To give me one less thing to remember during my pre-live deployments, all my current and upcoming ASP.NET MVC sites will use a dynamic robots.txt file containing different entries depending on whether a site is in stage or live. In order to do this, we need to let the ASP.NET MVC application serve up the robots.txt file. This can be done by the following:

  • Create a new controller called "SEOController"
  • Add a new FileContentResult action called "Robots".
  • Add a new route.
  • Modify web.config.

SEOController

I have created a new controller that renders our "Robots" action as a plain text file. As you can see, my controller is not a type of "ActionResult" but a "FileContentResult". The great thing about "FileContentResult" is that it allows us to return bytes from the controller.

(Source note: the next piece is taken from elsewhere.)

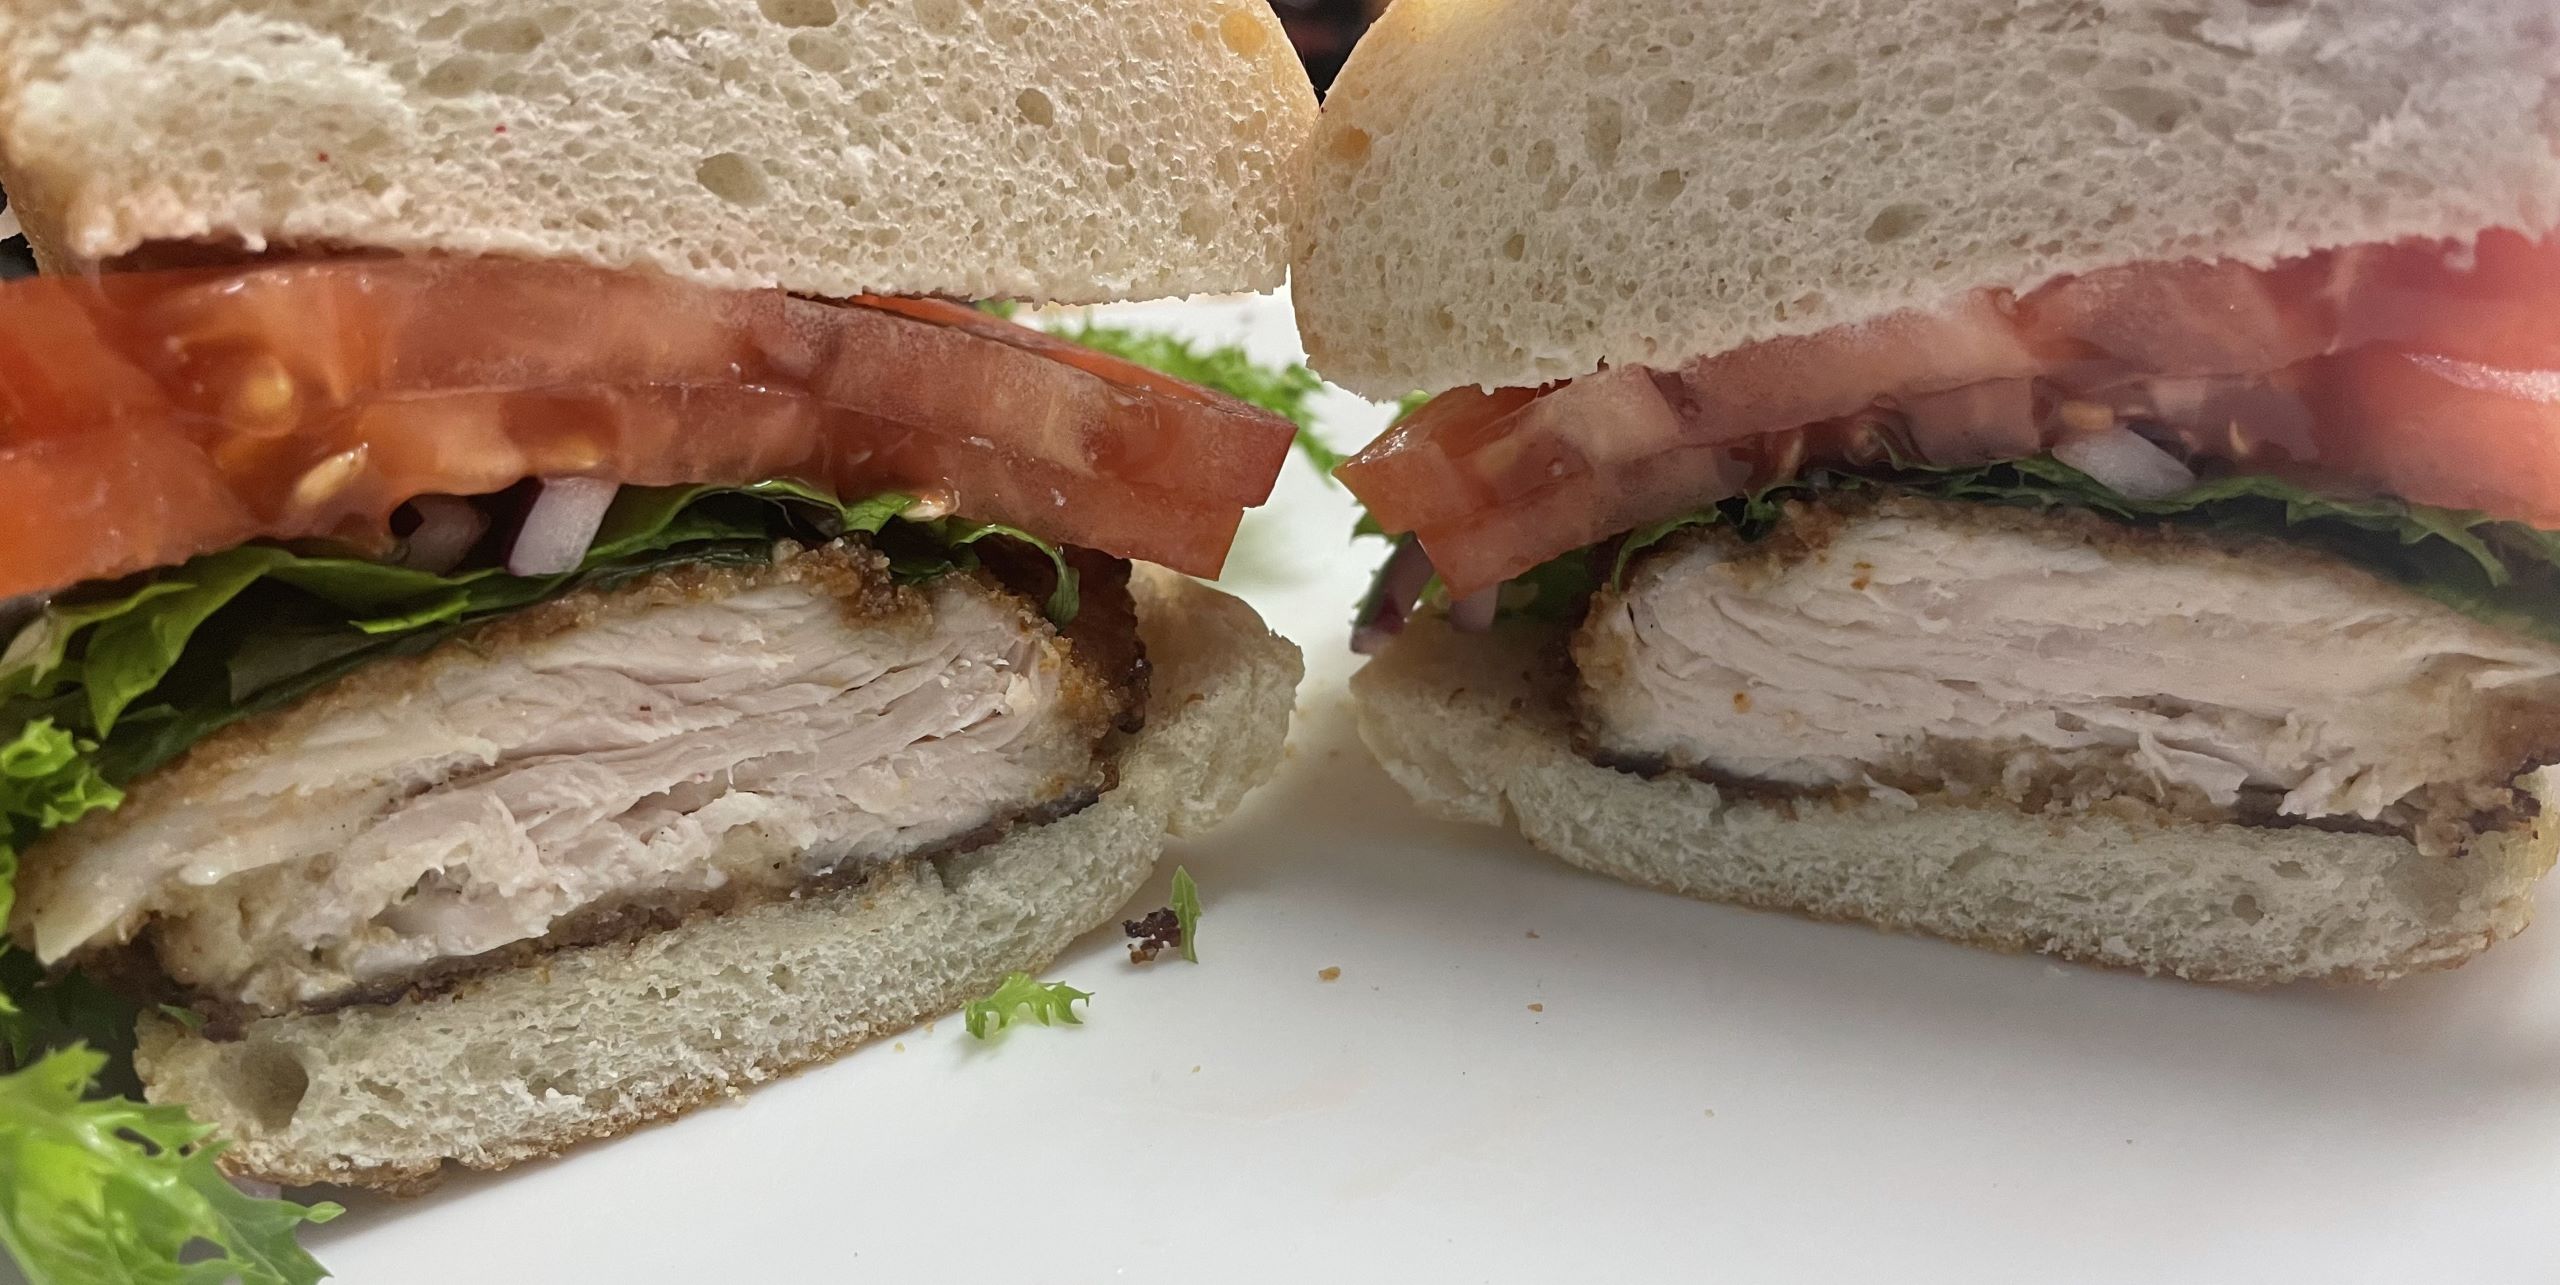 Kat's Chicken Cutlet Hoagie cut in half showing both halves having tender natural free-range chicken breaded with generous slices of tomato, lettuce and red onion on white submarine bread, served on a white plate.

In this example, I am converting bytes from a string using Encoding.UTF8.GetBytes() method. Ideal for what we need to generate a robots.txt file.

[Route("robots.txt")]
[Route("Robots.txt")]
public FileContentResult Robots()
{
    StringBuilder robotsEntries = new StringBuilder();
    robotsEntries.AppendLine("User-agent: *");

    //If the website is in debug mode, then set the robots.txt file to not index the site.
    if (System.Web.HttpContext.Current.IsDebuggingEnabled)
    {
        robotsEntries.AppendLine("Disallow: /");
    }
    else
    {
        robotsEntries.AppendLine("Disallow: /Error");
        robotsEntries.AppendLine("Disallow: /resources");
        robotsEntries.AppendLine("Sitemap: http://www.surinderbhomra.com/sitemap.xml");
    }

    return File(Encoding.UTF8.GetBytes(robotsEntries.ToString()), "text/plain");
}

RouteConfig

Since I add my routing at controller level, I add the "MapMvcAttributeRoutes" method to the RouteConfig.cs file. But if you prefer to add your routes directly here, then this method can be removed.

public class RouteConfig
{
    public static void RegisterRoutes(RouteCollection routes)
    {
        routes.IgnoreRoute("{resource}.axd/{*pathInfo}");

        routes.MapMvcAttributeRoutes(); //Add this line!

        routes.MapRoute(
            name: "Default",
            url: "{controller}/{action}/{id}",
            defaults: new { controller = "Home", action = "Index", id = UrlParameter.Optional }
        );
    }
}

Web.config

Add a "runAllManagedModulesForAllRequests" attribute to the modules tag in the web.config file to allow our robot.txt text file to be rendered by ASP.NET.

<system.webserver>
  <modules runallmanagedmodulesforallrequests="true"></modules>
</system.webserver>